● Records provided:
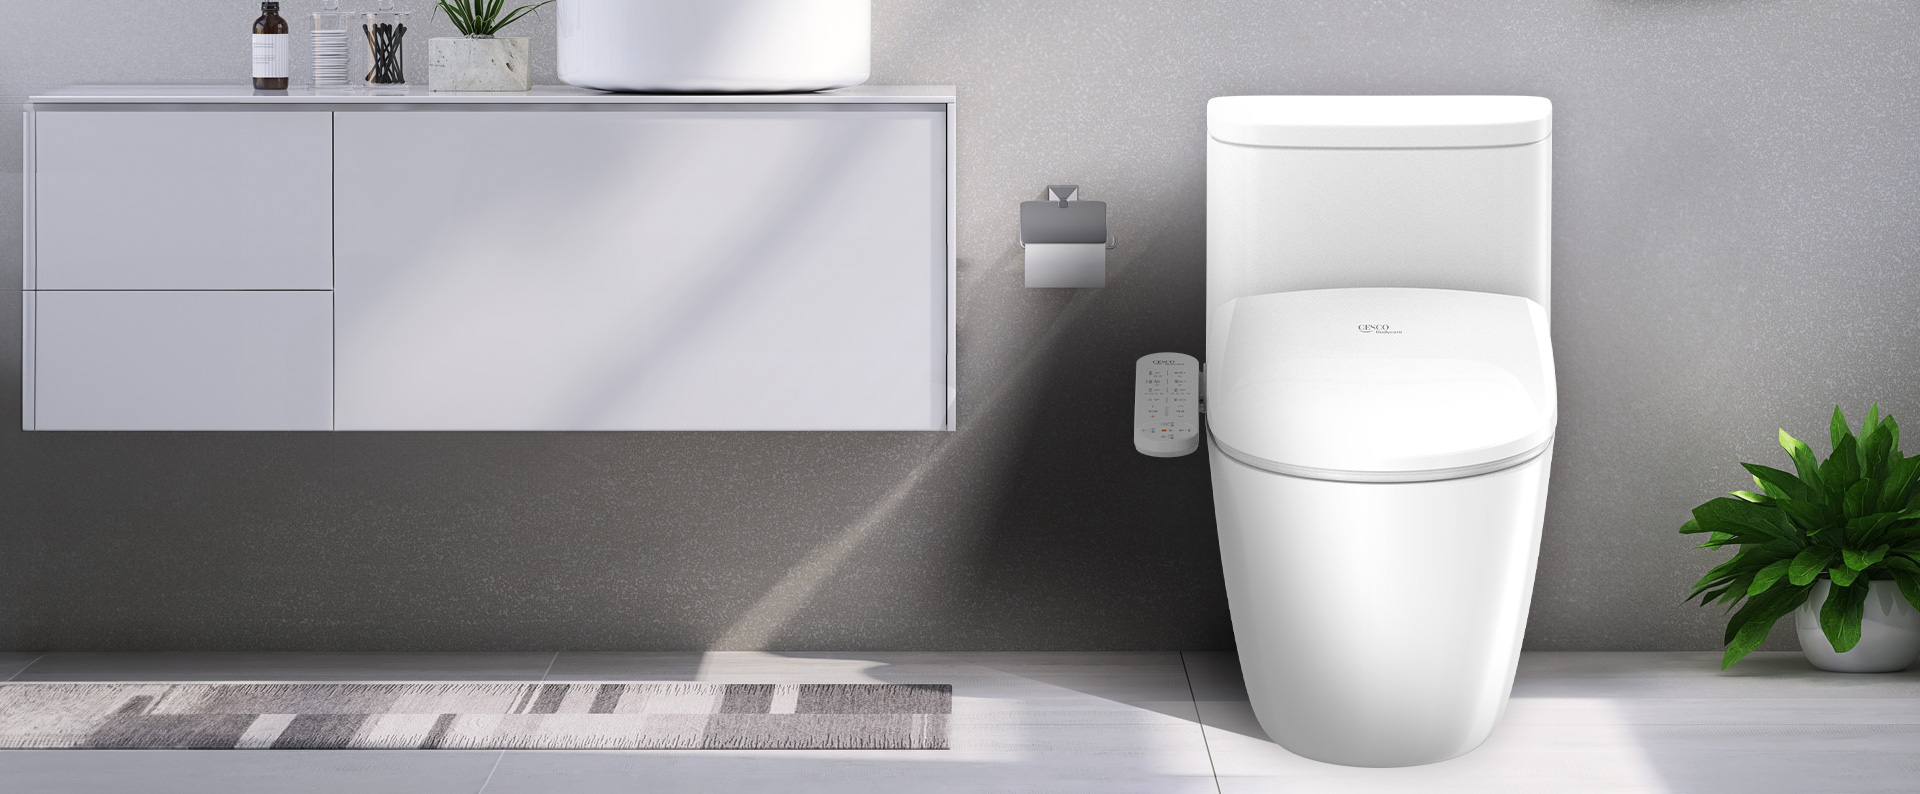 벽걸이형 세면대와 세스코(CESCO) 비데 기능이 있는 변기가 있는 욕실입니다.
--
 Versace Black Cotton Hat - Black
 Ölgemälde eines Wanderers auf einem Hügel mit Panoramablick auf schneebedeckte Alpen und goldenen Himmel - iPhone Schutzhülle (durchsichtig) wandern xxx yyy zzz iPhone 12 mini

● Work request:
From the records above, transcribe without alteration every line from the one with "Versace Black Cotton Hat - Black" to the one with "Ölgemälde eines Wanderers", inclusive.

● Task response:
 Versace Black Cotton Hat - Black
 Ölgemälde eines Wanderers auf einem Hügel mit Panoramablick auf schneebedeckte Alpen und goldenen Himmel - iPhone Schutzhülle (durchsichtig) wandern xxx yyy zzz iPhone 12 mini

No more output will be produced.